## What needs to be done
Pictures should be left out while the data beneath this task is written out word for word.

## Dataset excerpt
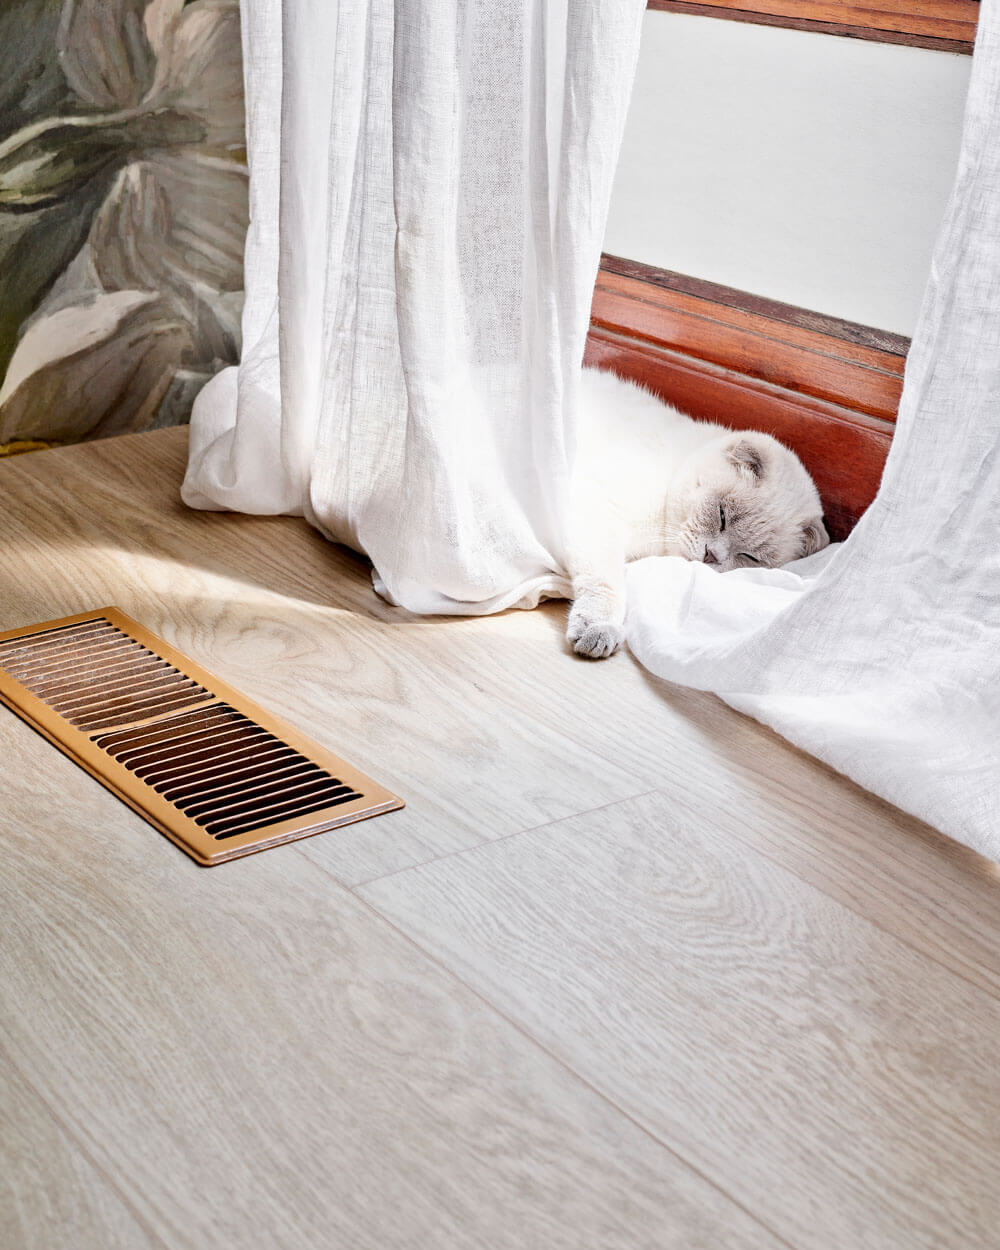 Un chat blanc dort contre le cadre de la fenêtre du revêtement de sol vinyle de luxe Moduleo LayRed Laurel Oak 51230 Embossed.
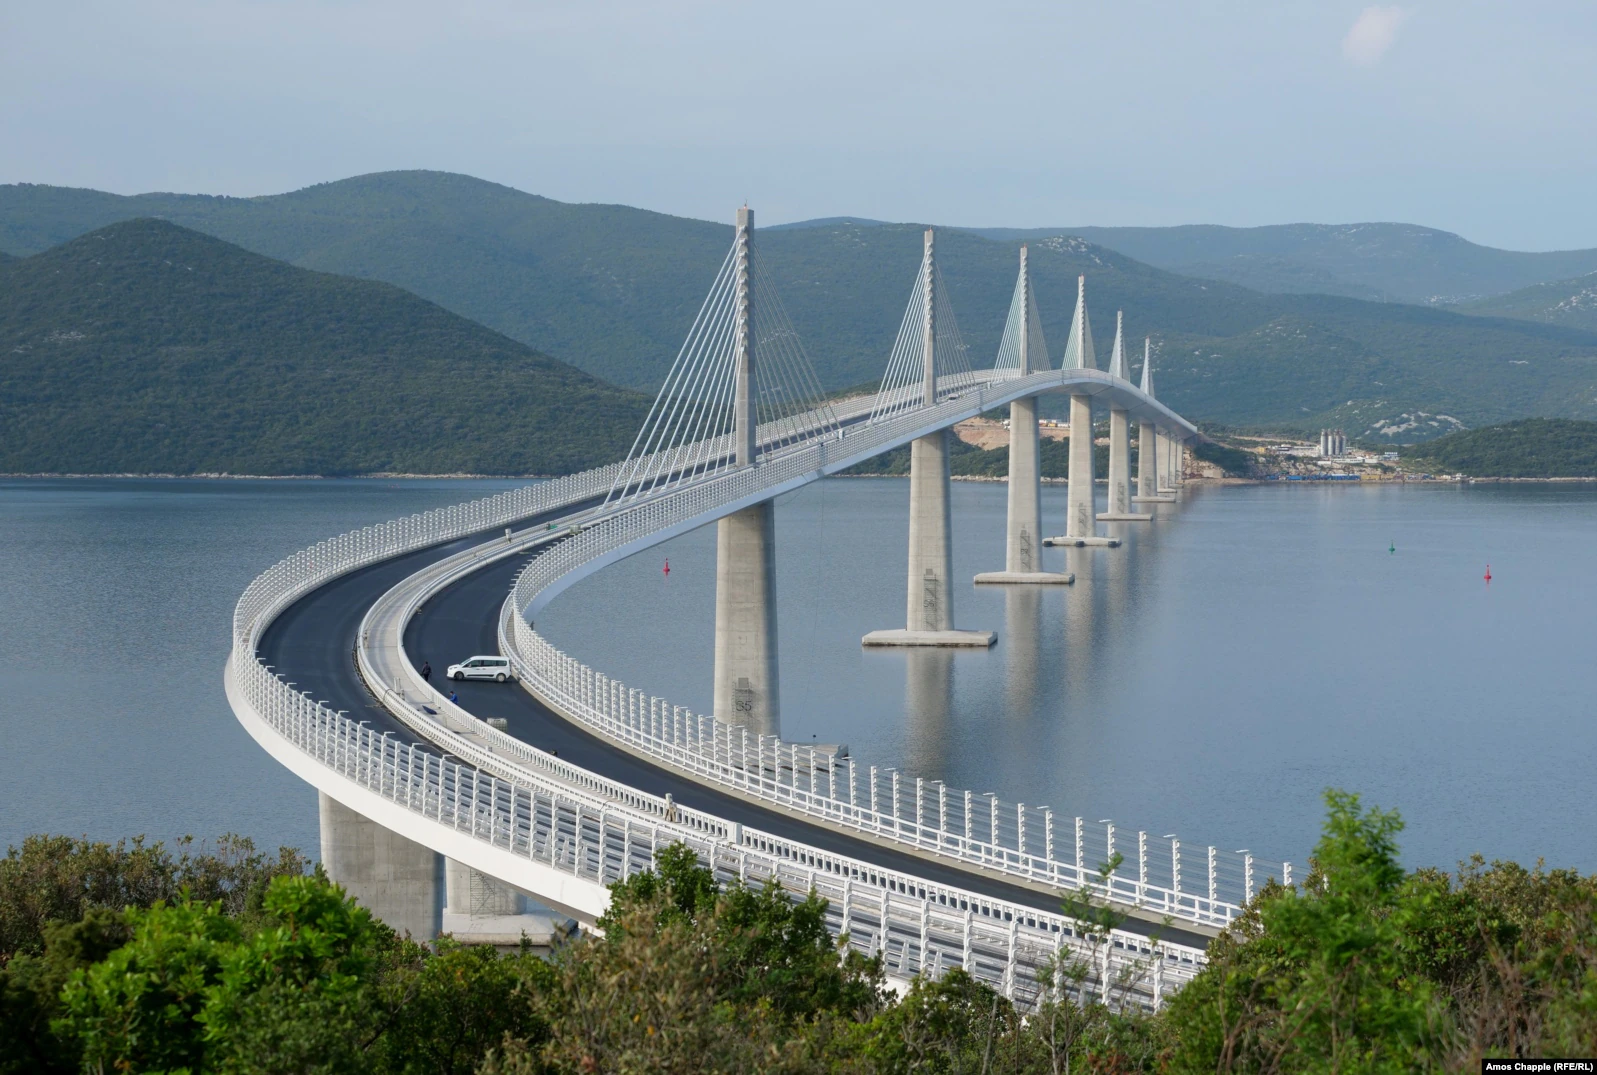  Ura që do të transformojë udhëtimin në Ballkan
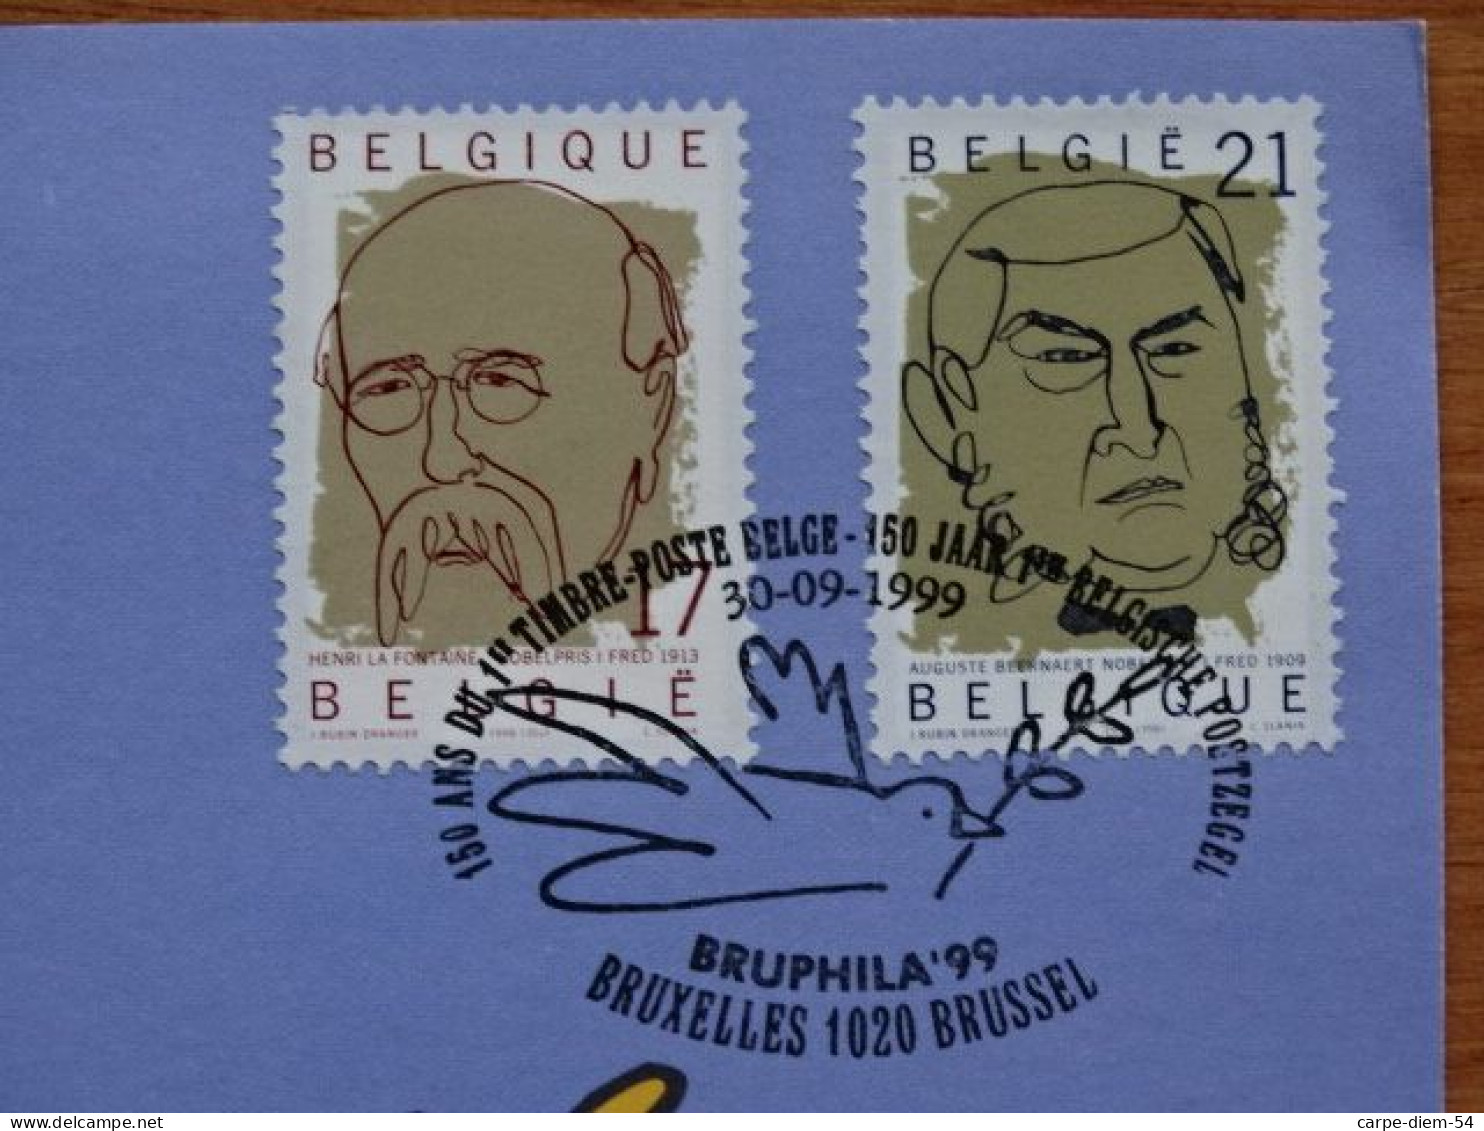 Belgique & Suède - Feuillet De Luxe + 2 Timbres Belgique & Carnet 4 Timbres Suède - Prix Nobel - Bruphila 1999 - Deluxe Sheetlets [LX]

## Solution for this problem
 Un chat blanc dort contre le cadre de la fenêtre du revêtement de sol vinyle de luxe Moduleo LayRed Laurel Oak 51230 Embossed.
  Ura që do të transformojë udhëtimin në Ballkan
 Belgique & Suède - Feuillet De Luxe + 2 Timbres Belgique & Carnet 4 Timbres Suède - Prix Nobel - Bruphila 1999 - Deluxe Sheetlets [LX]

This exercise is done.